#### What you should do:
Word for word, copy out the data below, omitting pictures.

#### Source material:
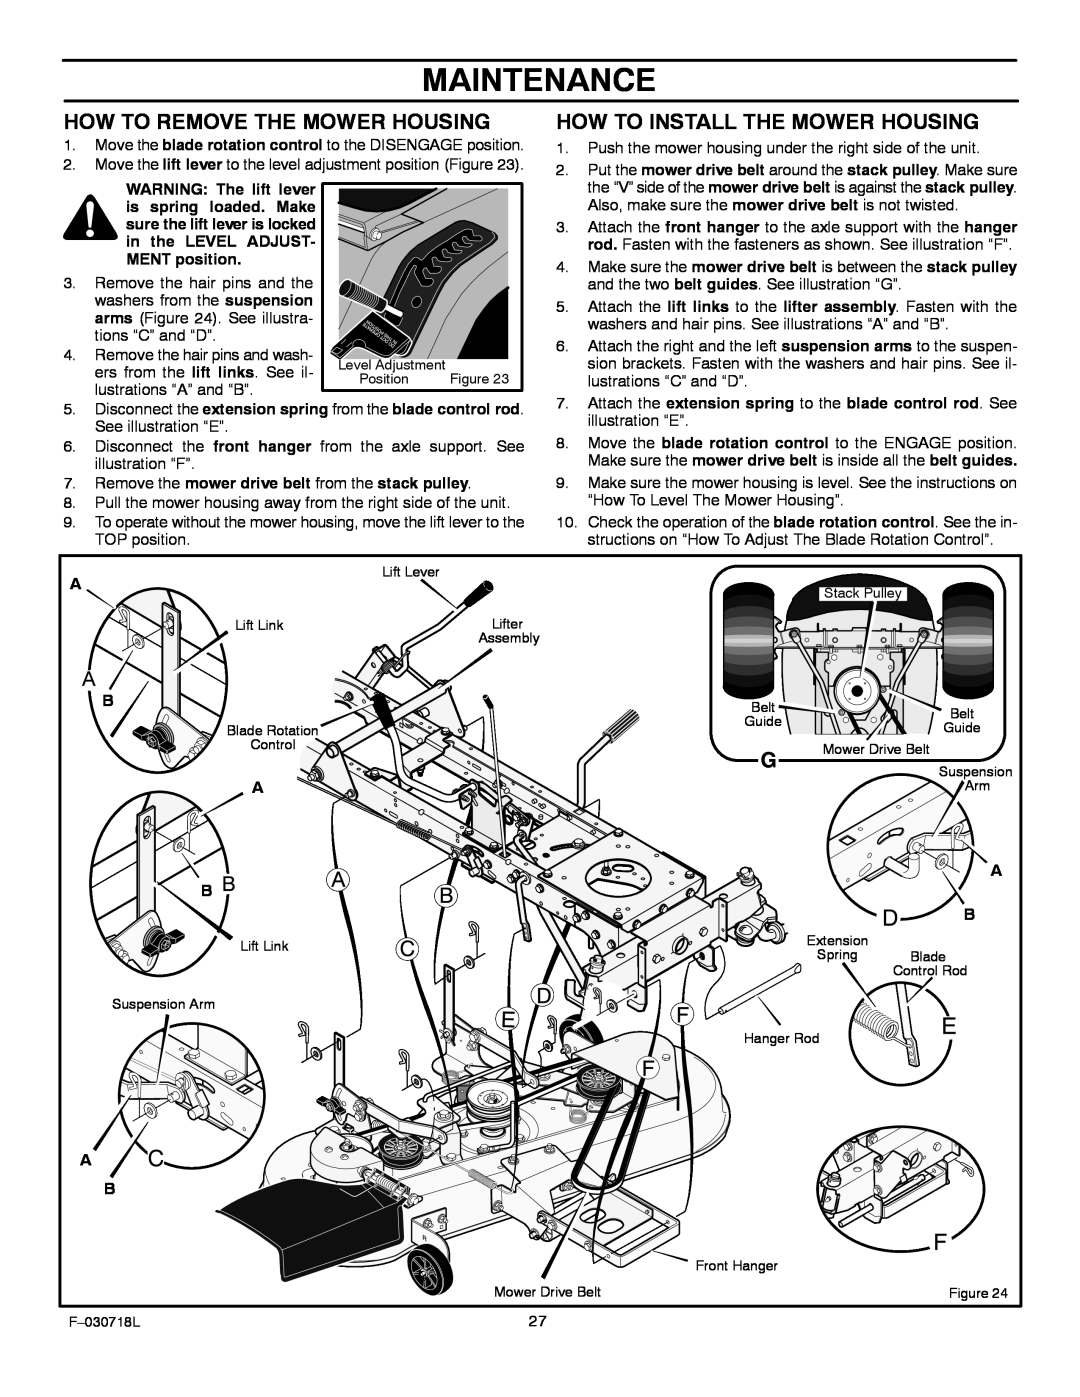 Murray 461000x8A manual Maintenance, How To Remove The Mower Housing, How To Install The Mower Housing, Suspension 
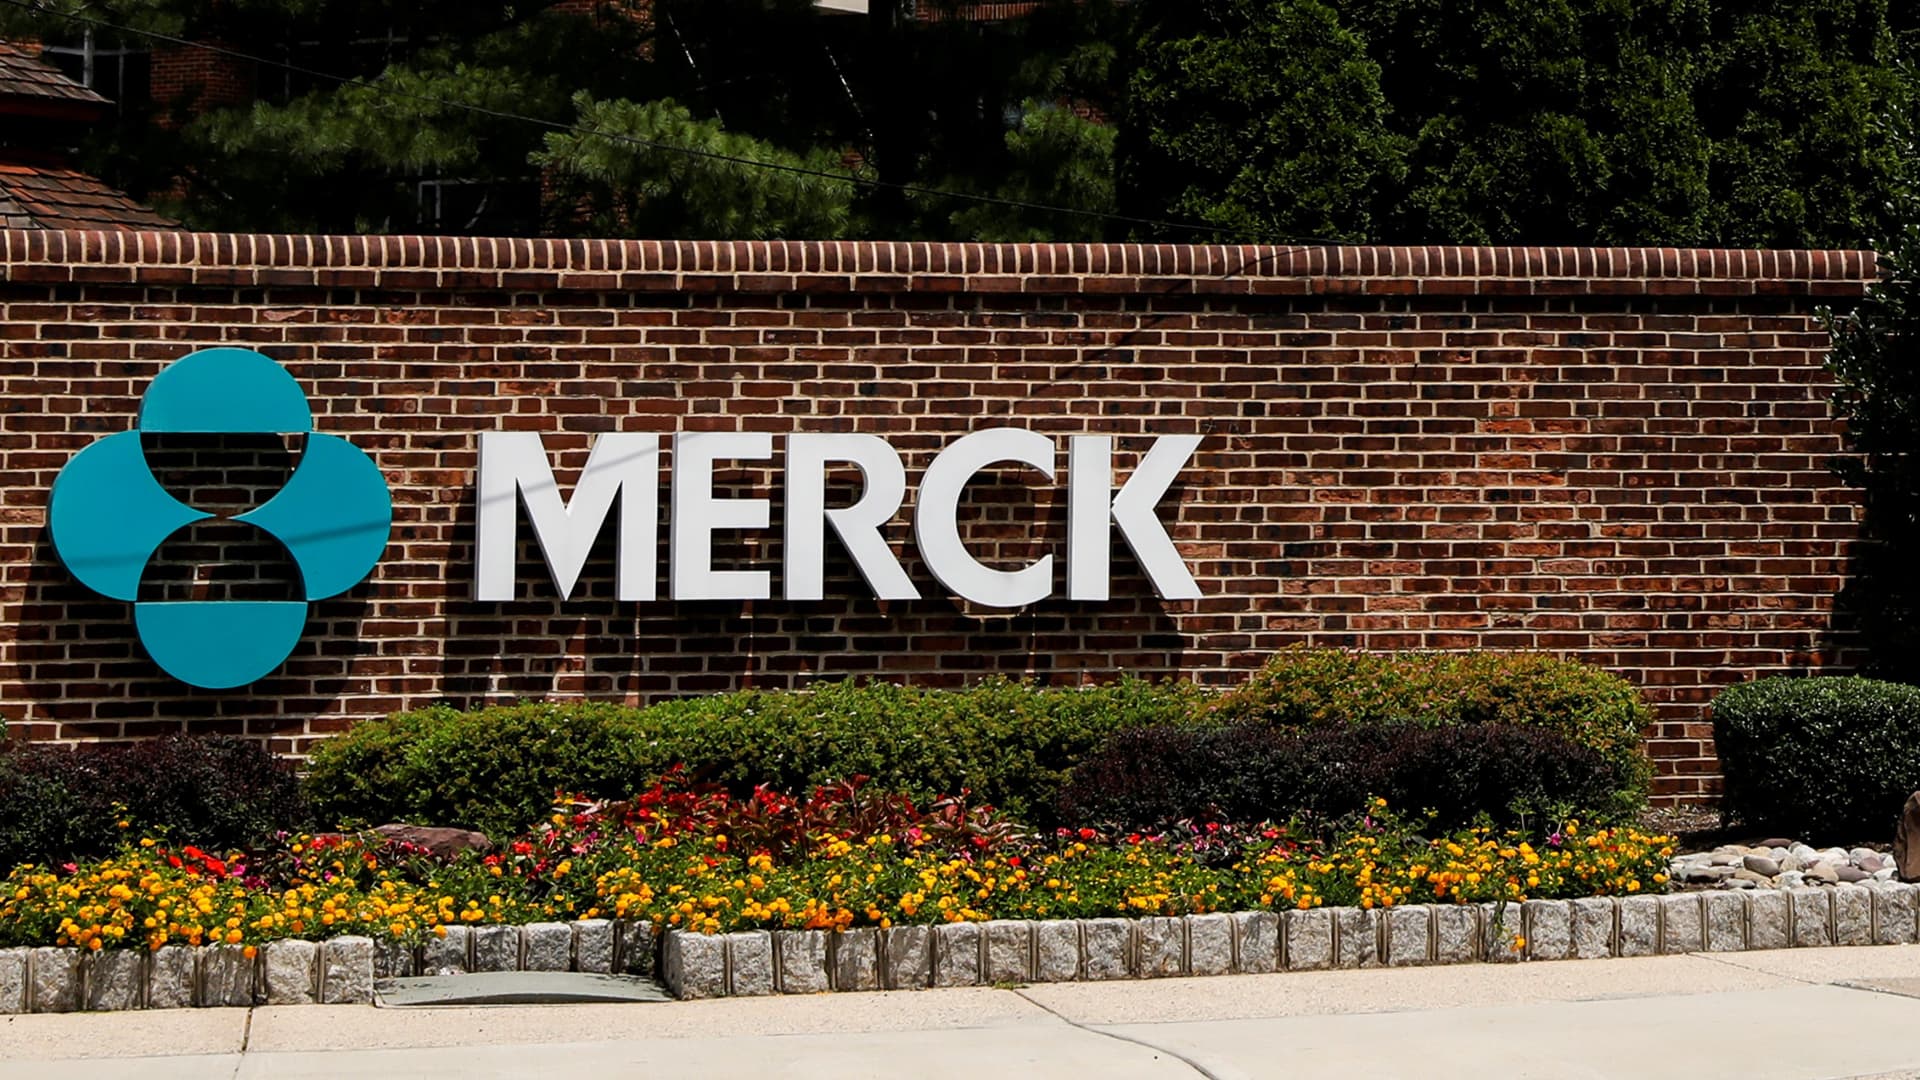 The Merck logo is seen at a gate to the Merck & Co campus in Rahway, New Jersey, U.S., July 12, 2018.
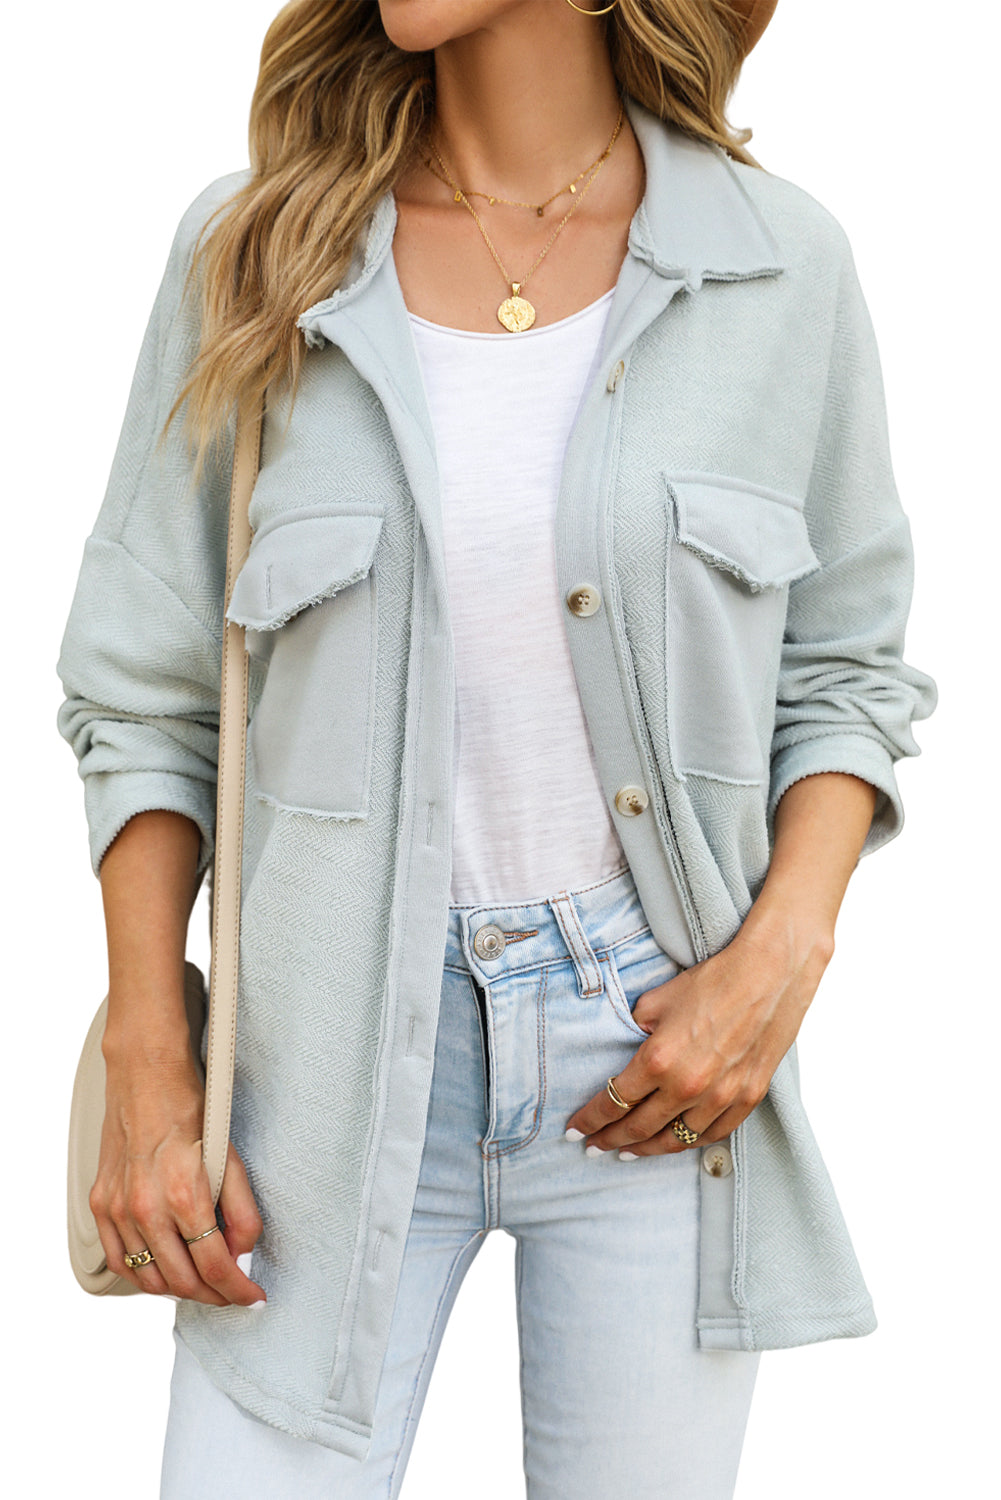 Grey Solid Color Textured Button Up Shirt Shacket with Pockets

#### Exercise result:
 Murray 461000x8A manual Maintenance, How To Remove The Mower Housing, How To Install The Mower Housing, Suspension 
 The Merck logo is seen at a gate to the Merck & Co campus in Rahway, New Jersey, U.S., July 12, 2018.
 Grey Solid Color Textured Button Up Shirt Shacket with Pockets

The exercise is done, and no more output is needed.